C: 0.01 to 0.2% (meaning mass%, the same shall apply hereinafter)
Si: 0.01 to 1%,
Mn: 0.01-2%
Al: other than 0.005 to 0.1% respectively,
Co: 0.010 to 1% and Mg: 0.0005 to 0.02%,
The balance is steel made of Fe and inevitable impurities,
When observing the metal structure of the steel material,
A marine steel material excellent in corrosion resistance and brittle crack stopping characteristics, characterized in that the average grain size of ferrite grains in the region from the steel surface to the t / 100 position is 25 μm or less.
However, t means the thickness (mm) of steel materials.   2. The marine steel material according to claim 1, wherein a ratio value ([Co] / [Mg]) of the Co content [Co] and the Mg content [Mg] is 2 to 350. 3. As other elements,
Cu: 1.5% or less (excluding 0%),
Cr: 1% or less (excluding 0%),
Ni: 2% or less (excluding 0%),
The marine steel material according to claim 1 or 2, comprising at least one selected from the group consisting of Ti: 0.1% or less (not including 0%). As other elements,
The steel material for ships according to any one of claims 1 to 3, containing Ca: 0.02% or less (not including 0%).
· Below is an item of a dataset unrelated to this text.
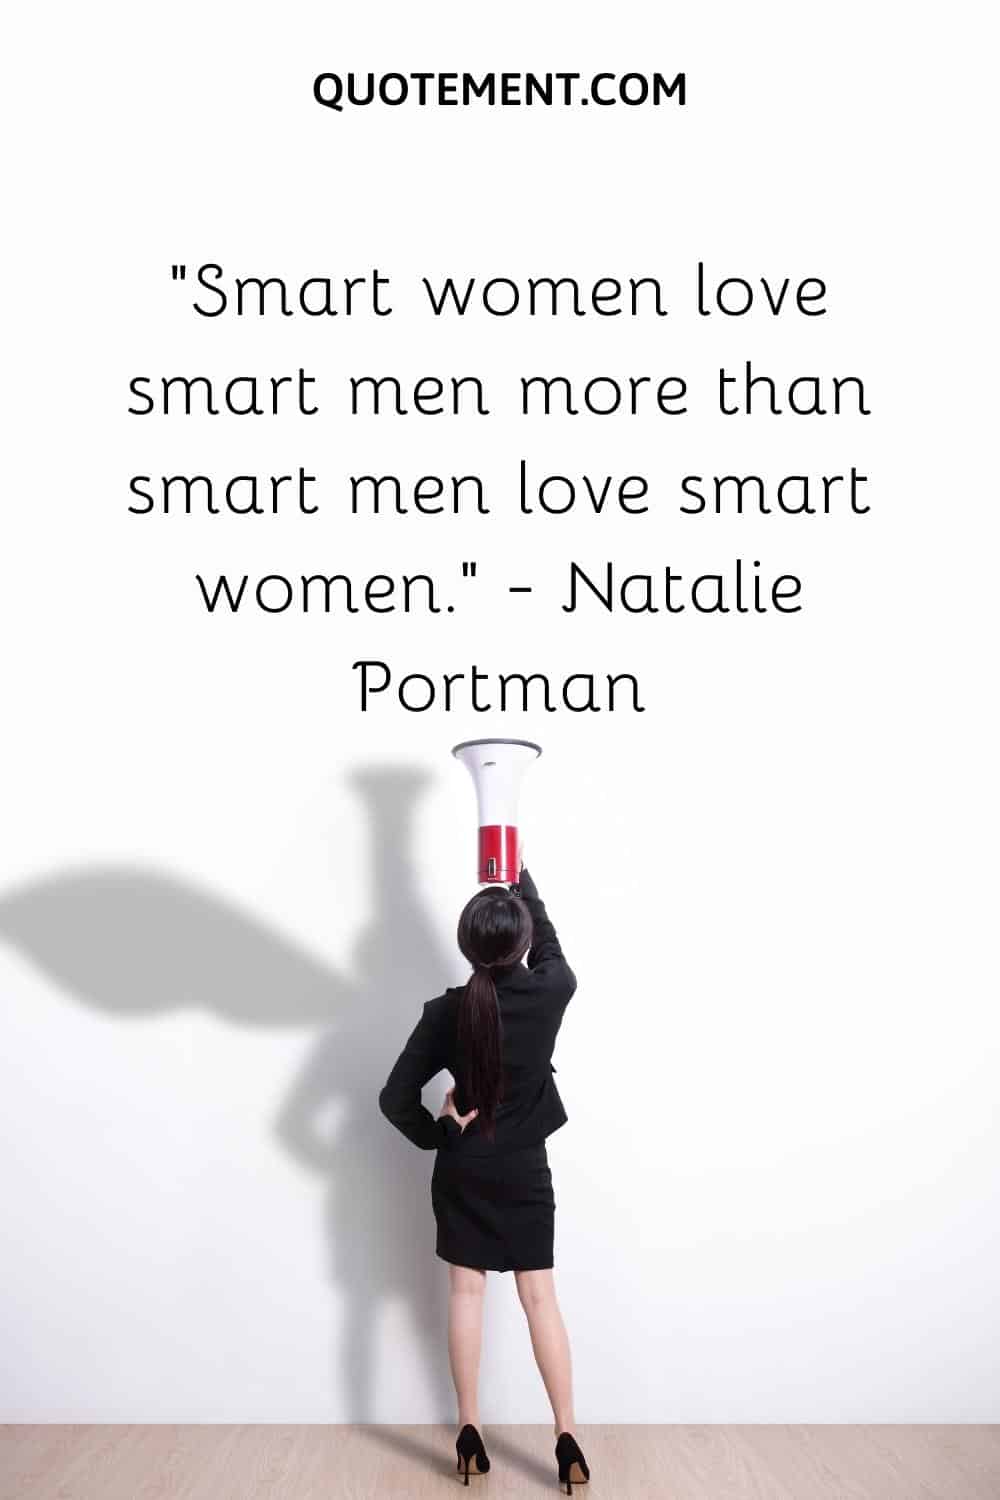 Smart women love smart men more than smart men love smart women

As other elements,
The marine steel according to any one of claims 1 to 4, containing Mo: 0.5% or less (not including 0%) and / or W: 0.3% or less (not including 0%). As other elements,
B: 0.01% or less (excluding 0%),
6. One or more selected from the group consisting of V: 0.1% or less (not including 0%) and Nb: 0.05% or less (not including 0%) The steel material for ships described.